O quanto a posição do partido erra sobre a pessoa
A maior parte das candidaturas nunca votou em plenário nem entregou plano de governo. Sobre elas não existe ato próprio, e o que mostramos é como os deputados do partido votaram. Medimos o tamanho do erro disso dentro dos nossos próprios dados e publicamos aqui, porque quem lê tem direito de saber.
Como medimos: pegamos os 643 deputados federais em exercício que têm posição própria calculada pelo voto, e testamos se a bancada do partido sem aquele deputado acertaria a posição dele. É a mesma situação de uma candidatura nova: a bancada existe, a pessoa não está nela.
- O erro médio é de 0,47 numa escala que vai de -2 a +2, ou seja, um oitavo da régua inteira.
- Ignorar o partido e chutar a média de todo o Congresso erraria 0,99. O partido corta o erro pela metade, mas não o elimina.
- Em cerca de 1 caso em cada 9 a bancada aponta um lado e a pessoa, quando se pode conferir, está no outro. É o erro que mais engana, e é por isso que só dizemos de que lado o partido está quando a bancada inteira está de um lado só.
- Em 22% dos casos a posição do partido erra mais do que não usar partido nenhum.
Duas consequências no cálculo, para que o número na tela não valha mais do que merece:
- Medimos a distância até cada deputado da bancada, um por um, e não até um ponto médio que pode não descrever ninguém. Partido unido continua rendendo afinidade alta; partido rachado não consegue afinidade alta em tema nenhum.
- Tema sem informação continua contando, como desconhecimento. Sem isso, quem tem menos dado disponível subiria no ranking só por ter menos como discordar de você.
Partidos sem bancada: qual documento foi lido
4. A afinidade
Para cada tema em que o candidato tem posição, calculamos a distância até a sua posição (de 0 a 4) e ponderamos pelo peso que você deu. Afinidade = 100% menos a distância média ponderada. Dois ajustes de honestidade: (a) medimos que, no Congresso, os cinco temas econômico-sociais votam juntos e os três de valores votam juntos, então cada bloco entra com peso base igual, para o bloco maior não dominar só por ter mais temas; (b) uma posição só é "verificada" com pelo menos 5 votações no tema ou com o plano de governo; com menos votos ela é "indício" e vale 75%; a estimativa pelo partido, seja pela média da bancada, seja pelo programa oficial, vale 50%. O ranking mostra primeiro quem tem posição verificada em pelo menos três temas, depois quem tem histórico parcial, depois estimativas.

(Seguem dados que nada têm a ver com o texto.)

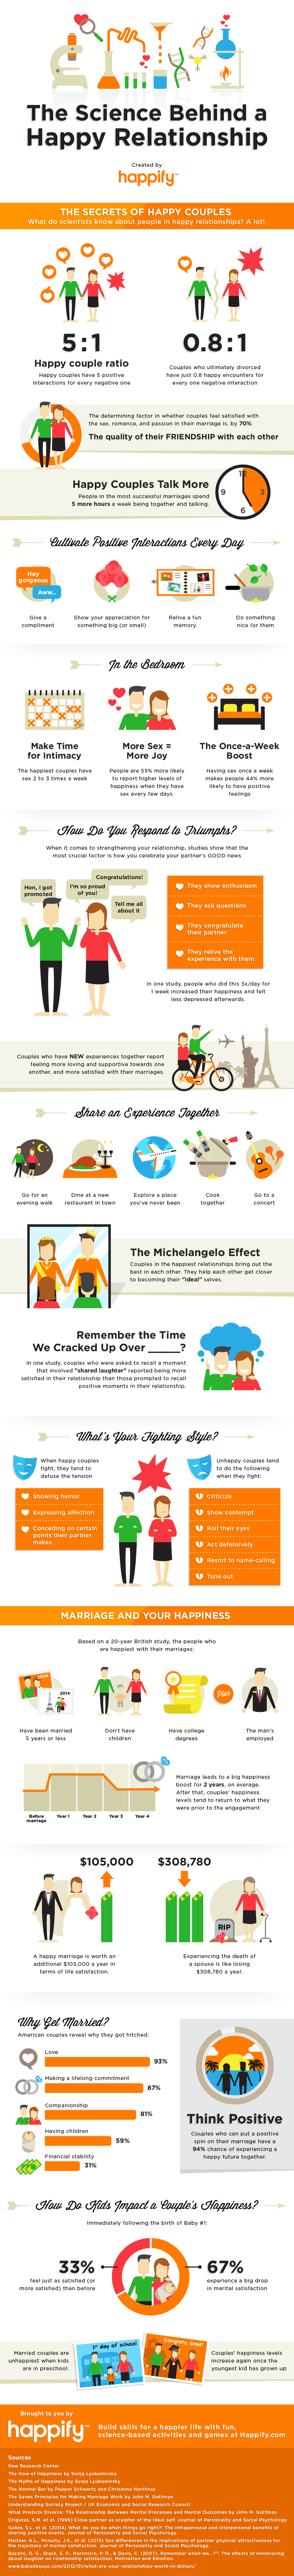 Infographic for Behind a Happy Relationship - An Infographic

5. O que a ferramenta não faz
- Não recomenda voto nem diz que um candidato é melhor que outro. Mede distância de opiniões, só isso.
- Não avalia honestidade, competência, presença ou gastos de gabinete. Esses dados existem nas mesmas fontes e podem entrar em versões futuras.

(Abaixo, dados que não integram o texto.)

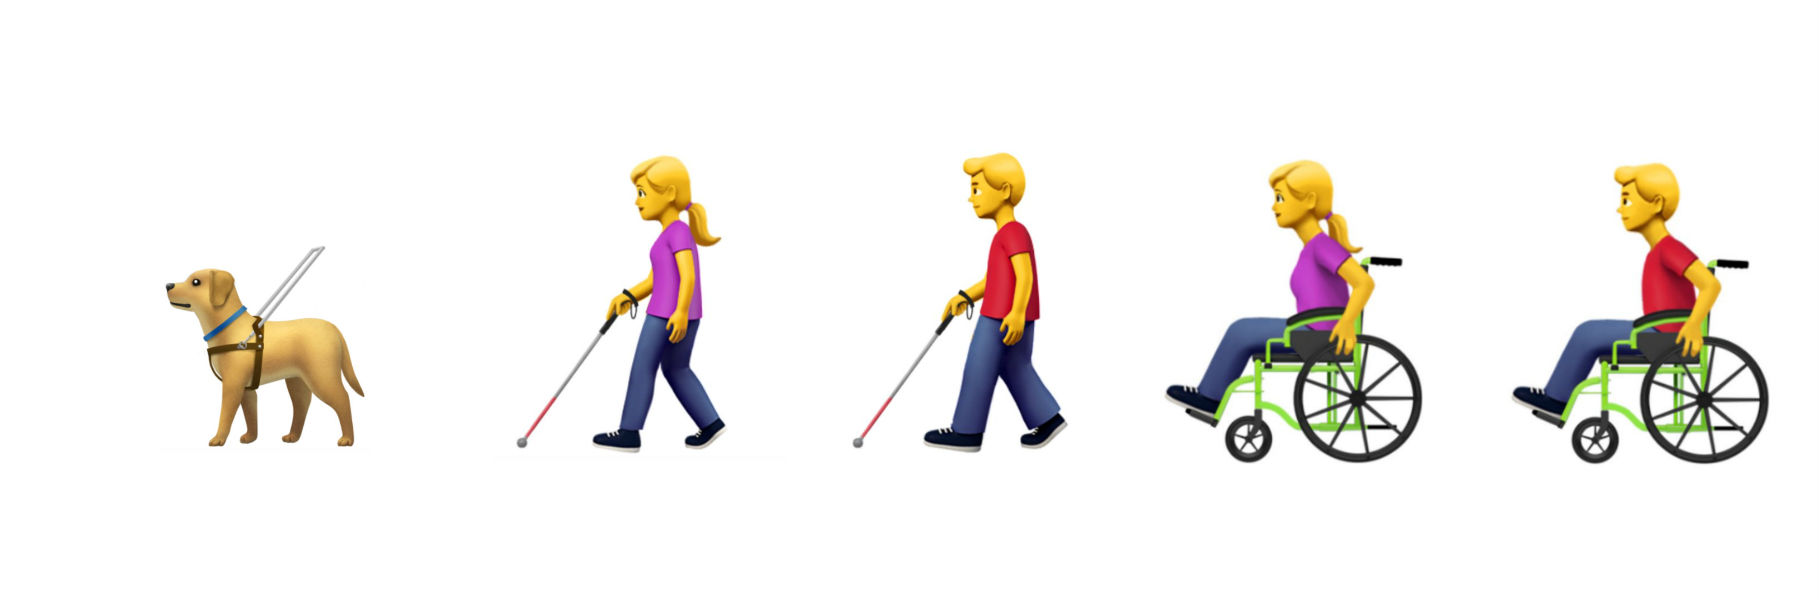 Emojis of a guide dog, a girl and a boy with a visual disability and a girl and a boy in a wheelchair.

- Não usa discursos, redes sociais ou notícias. Apenas votos registrados e documentos oficiais.
- Não recebe apoio de candidatos, partidos ou campanhas.
6. Privacidade
Suas respostas ficam apenas no seu navegador (sessionStorage) e são apagadas quando você fecha a aba. Nenhuma resposta, resultado ou identificação é enviada a qualquer servidor. O site não usa cookies de rastreamento nem ferramentas de análise que identifiquem o visitante. Opinião política é dado pessoal sensível pela LGPD, e a forma mais segura de proteger é não coletar.
7. Fontes e atualização
8. Limitações conhecidas
- A classificação automática de votações pode errar em casos individuais. Cada evidência é exibida para que o leitor confira.

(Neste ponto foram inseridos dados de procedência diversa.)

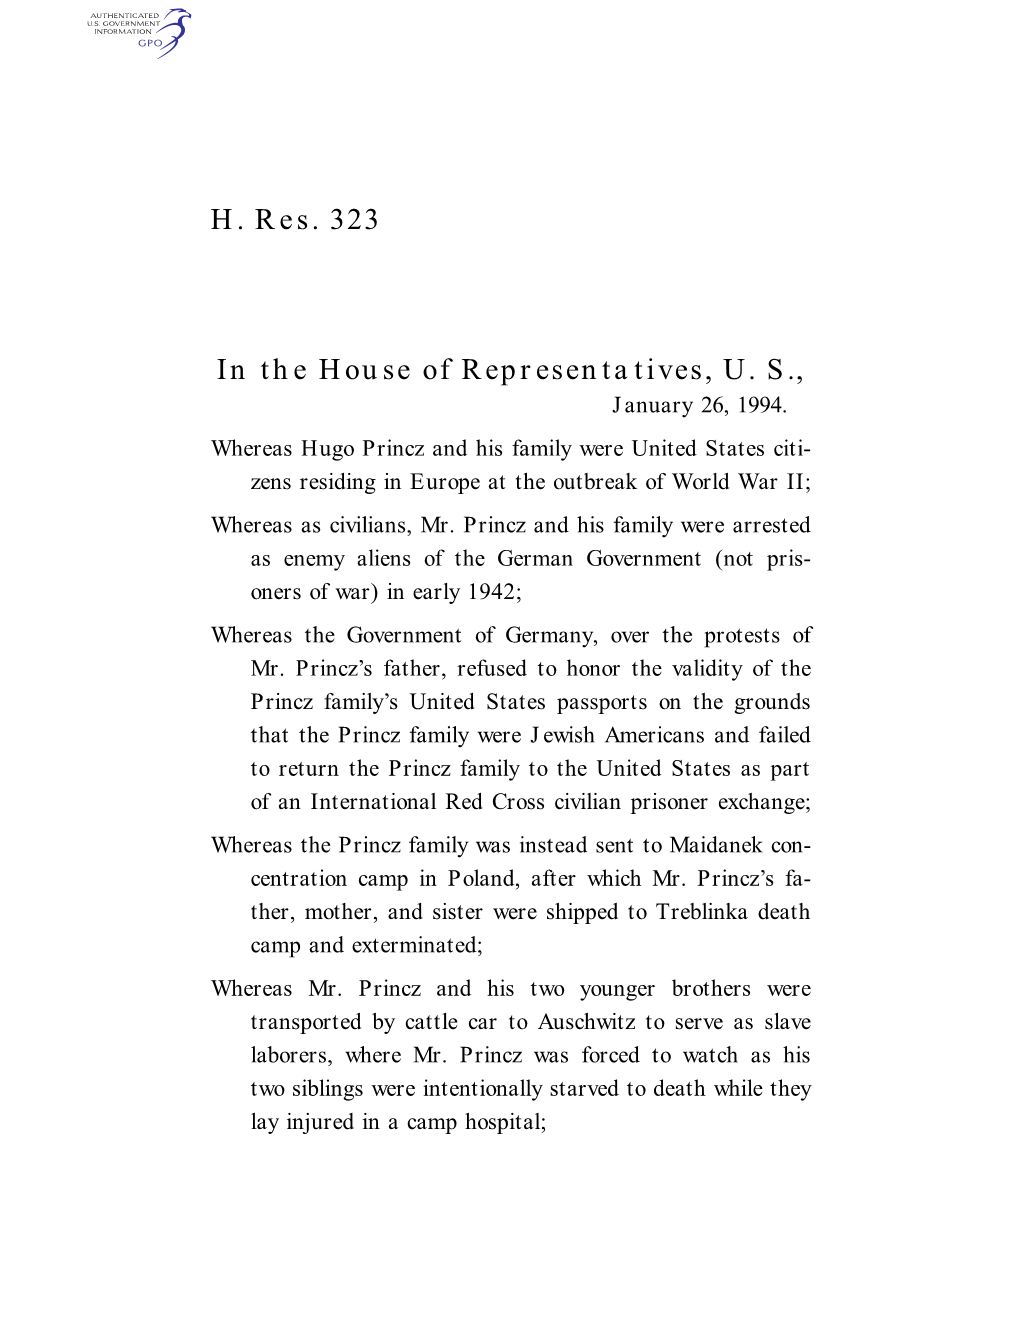 H. Res. 323 in the House of Representatives, U

- Quem votou pouco (suplentes, licenciados) tem posição menos confiável; o número de votações considerado é mostrado em cada tema.
- A situação de registro (deferido, aguardando julgamento, indeferido com recurso) muda até a véspera da eleição. Confira no TSE.
- Candidatos que trocaram de partido são avaliados pelos próprios votos, não pelo partido atual.